NEC Australia was awarded the contract after CrimTrac focused on a value for money outcome, ANAO said. The approach to market received only two valid tenders.

ANAO highlighted that ACIC had agreed to more than AU$12 million in additional work, some of which may have been unnecessary or already covered under the original contract.

Records were also not appropriately kept, with ANAO saying many staff did not use any of the government's electronic document and records management systems and instead kept records on their own computers, in uncurated network drives, or in email inboxes.

Further to this, ANAO said the project timeline and milestones were not adhered to; it also said financial management of the BIS project was poor.  

"ACIC's corporate finance area had no responsibility for management of the financial aspects of the BIS project; neither did the project team have a dedicated financial or contract manager," ANAO wrote. "ACIC was unable to advise definitively how much they had spent on the project. ACIC made a 'goodwill' payment of AU$2.9 million to NEC which was not linked to the achievement of any contract milestone."

ACIC was also not able to provide details of how this payment was calculated either.

The Department of Home Affairs is now responsible for the operation of a central hub of a facial recognition system that will link up identity-matching systems between government agencies in Australia.

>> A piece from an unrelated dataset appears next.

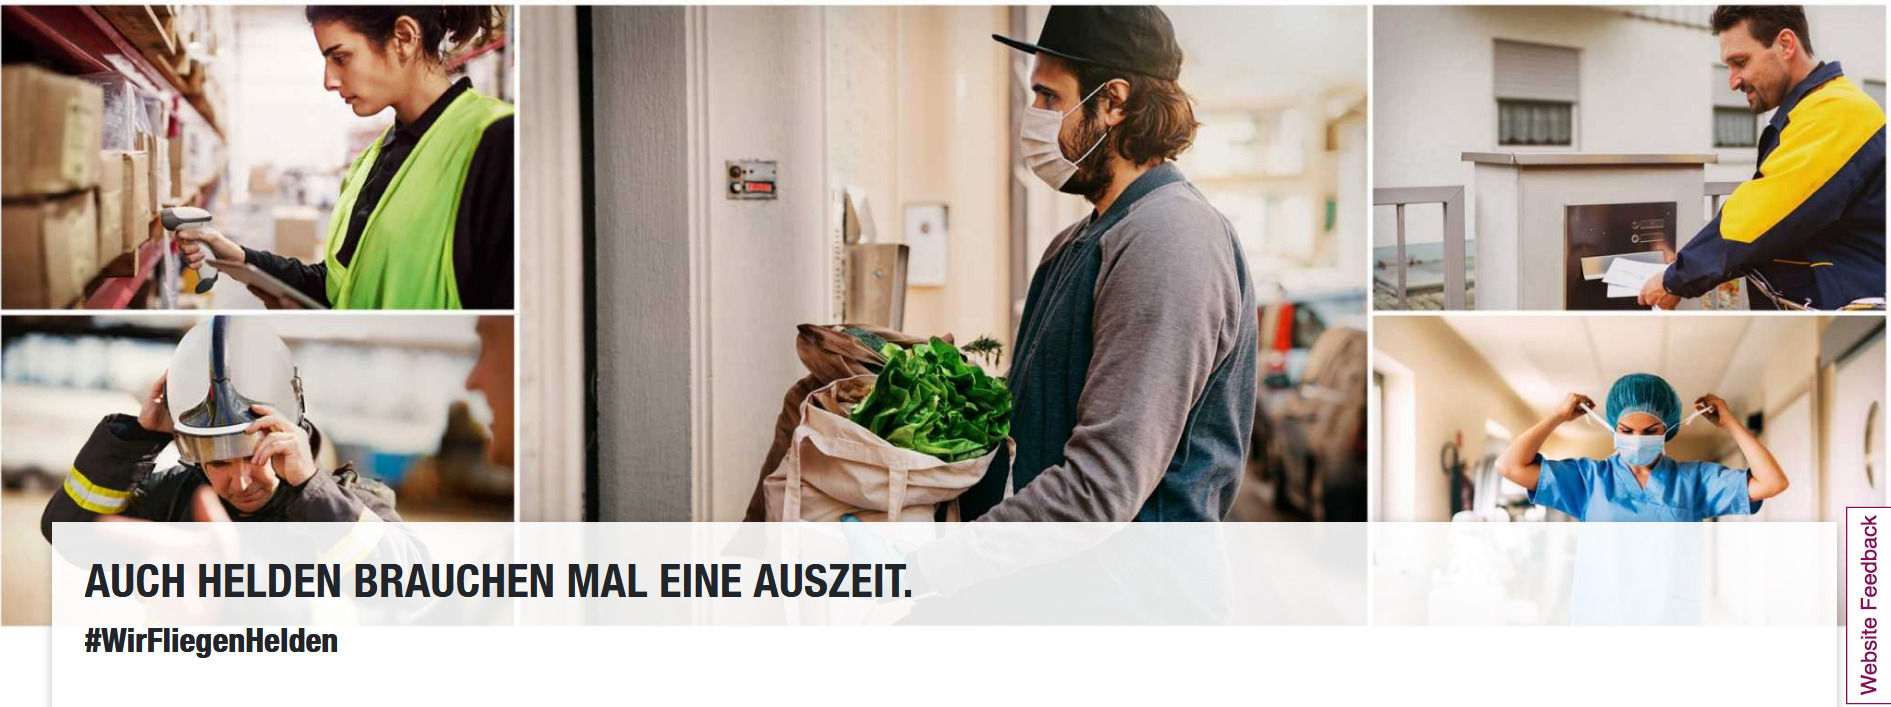 Eurowings Vergibt Freifluege An Alltagshelden

The Australia-wide initiative will allow state and territory law enforcement agencies to have access to the country's new face matching services to access passport, visa, citizenship, and driver licence images from other jurisdictions.

The Face Verification Service (FVS) is a one-to-one image-based verification service that will match a person's photo against an image on one of their government records, while the Face Identification Service (FIS) is a one-to-many, image-based identification service that can match a photo of an unknown person against multiple government records to help establish their identity.

Access to the FIS will be limited to police and security agencies, or specialist fraud prevention areas within agencies that issue passports as well as immigration and citizenship documents.

The FVS is now operational, providing access to passport, immigration, and citizenship images. The FIS will come online soon, with the Department of Home Affairs telling a Parliamentary Joint Committee on Intelligence and Security in May it had purchased a facial recognition algorithm from a vendor to be used for the FIS, despite claiming immunity on disclosing the contracted vendor.